__What this task involves__
Each line from the one holding "Google Relased New" through the end of the records should be returned exactly, while pictures are skipped.

:: Information given ::

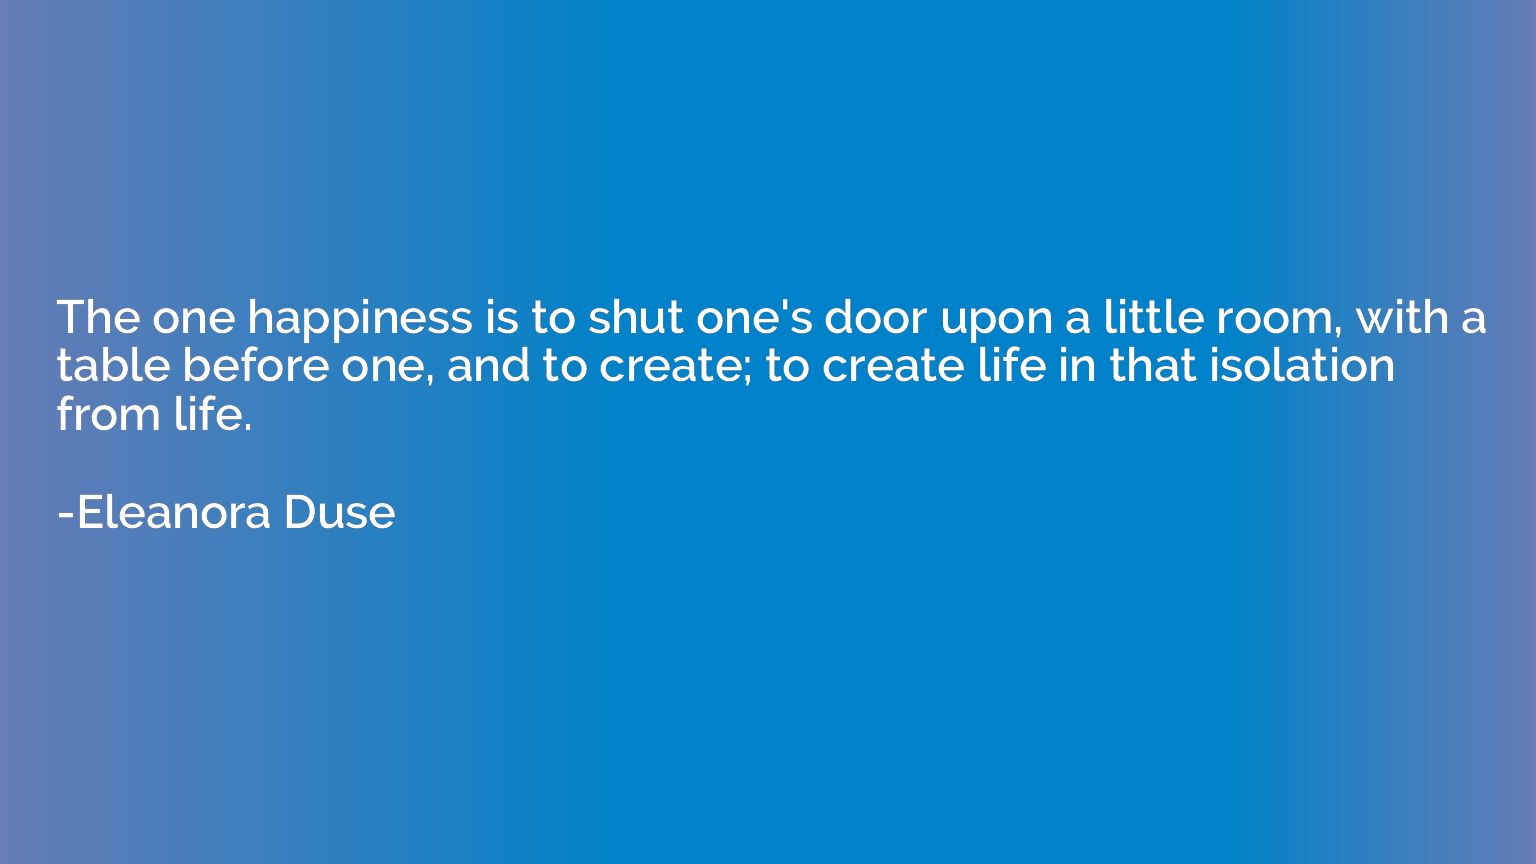 The one happiness is to shut one's door upon a little room, 
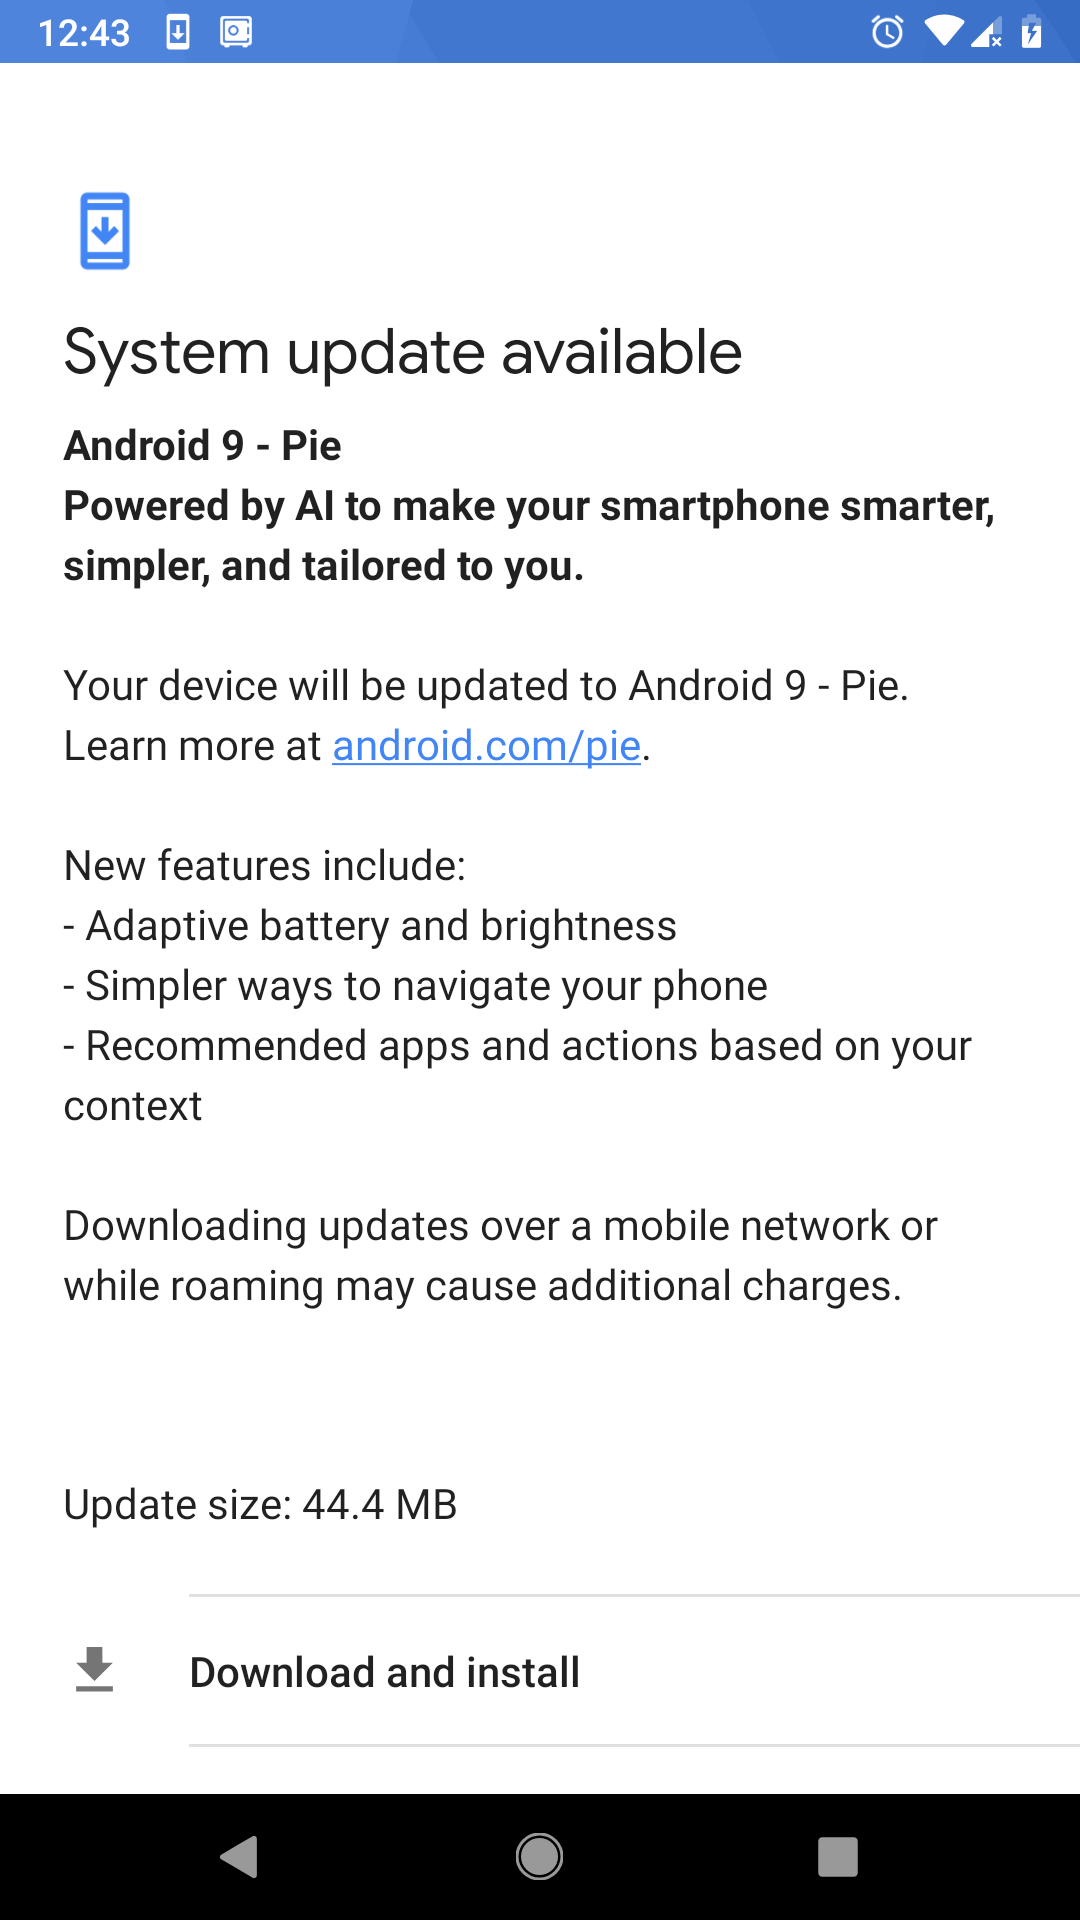 Google Relased New Android 9 Pie Features specs 
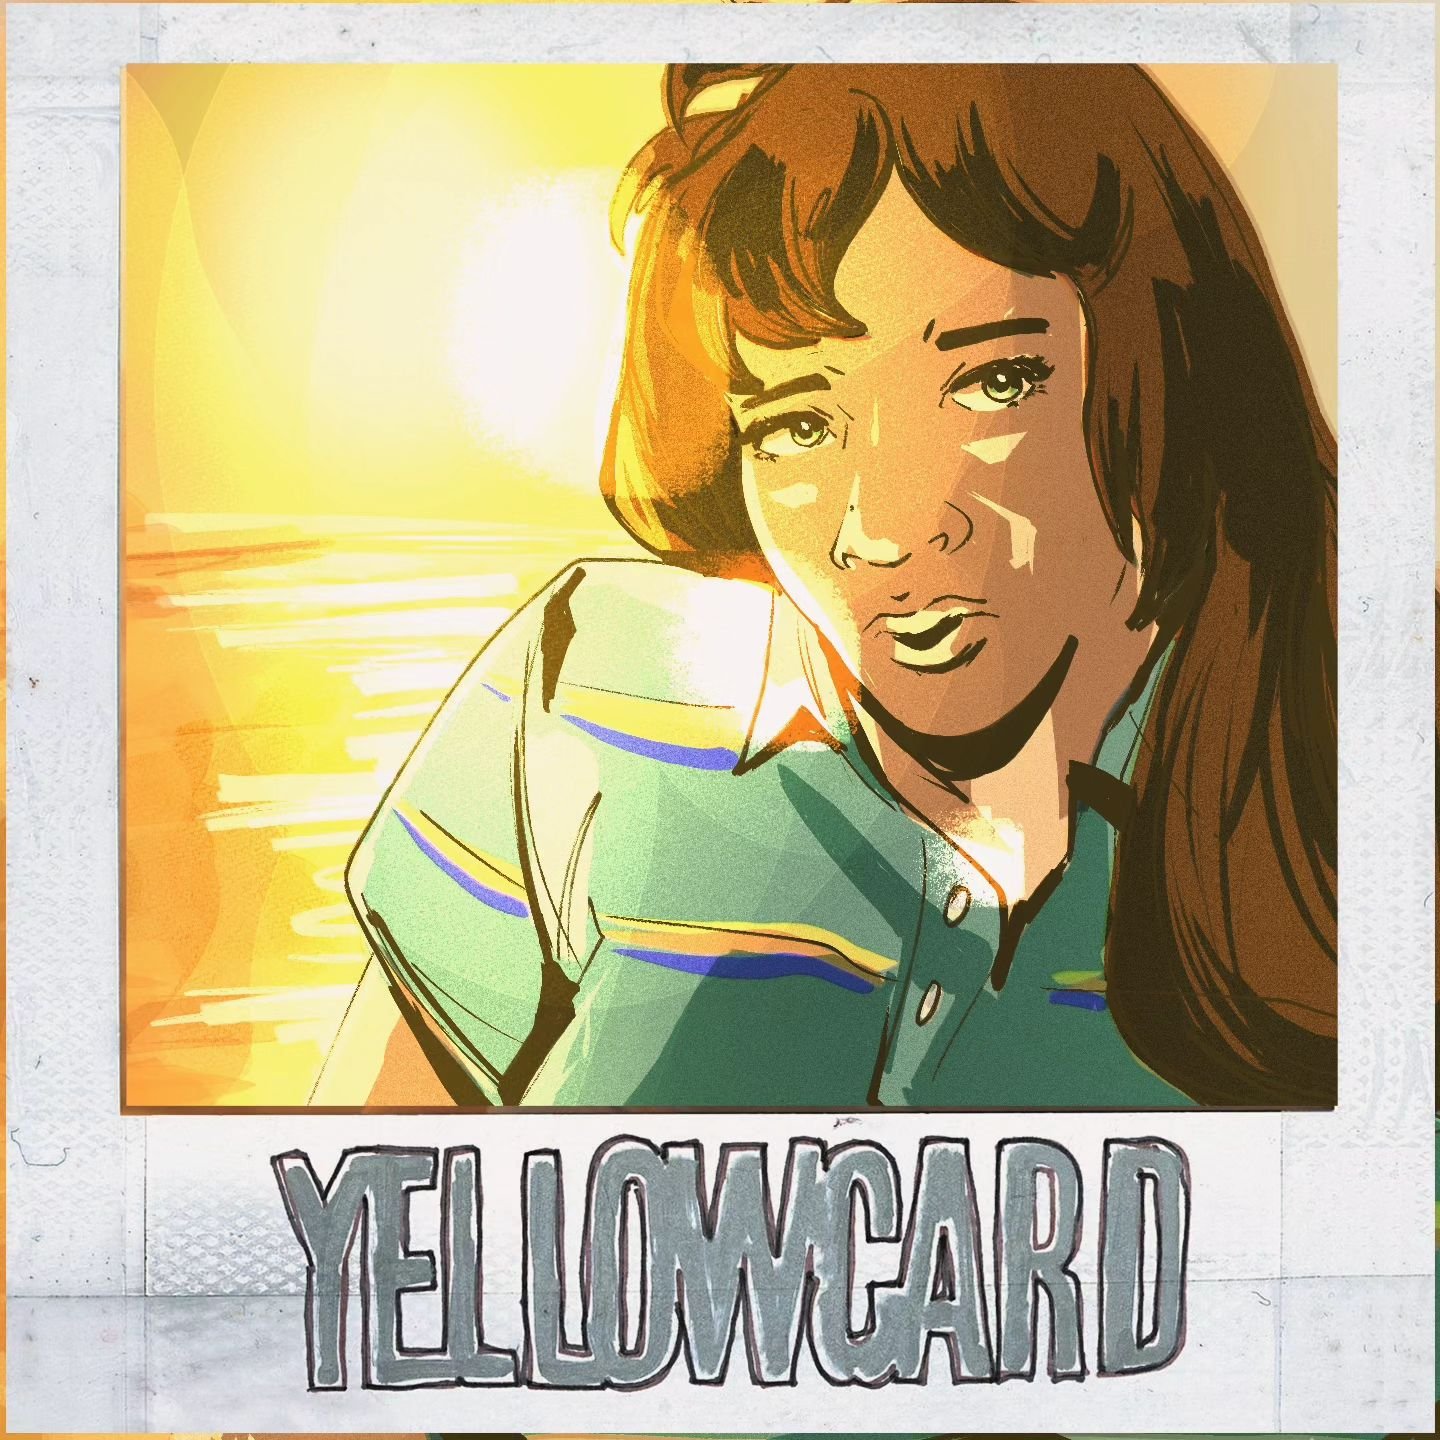 This album has been on rotation lately. Why? No idea. Just thought I'd redraw it.
&bull;&bull;&bull;
#yellowcard #albumart #oceanavenue #eyinjay

:::

__Solution to the exercise__
 Google Relased New Android 9 Pie Features specs 
 This album has been on rotation lately. Why? No idea. Just thought I'd redraw it.
&bull;&bull;&bull;
#yellowcard #albumart #oceanavenue #eyinjay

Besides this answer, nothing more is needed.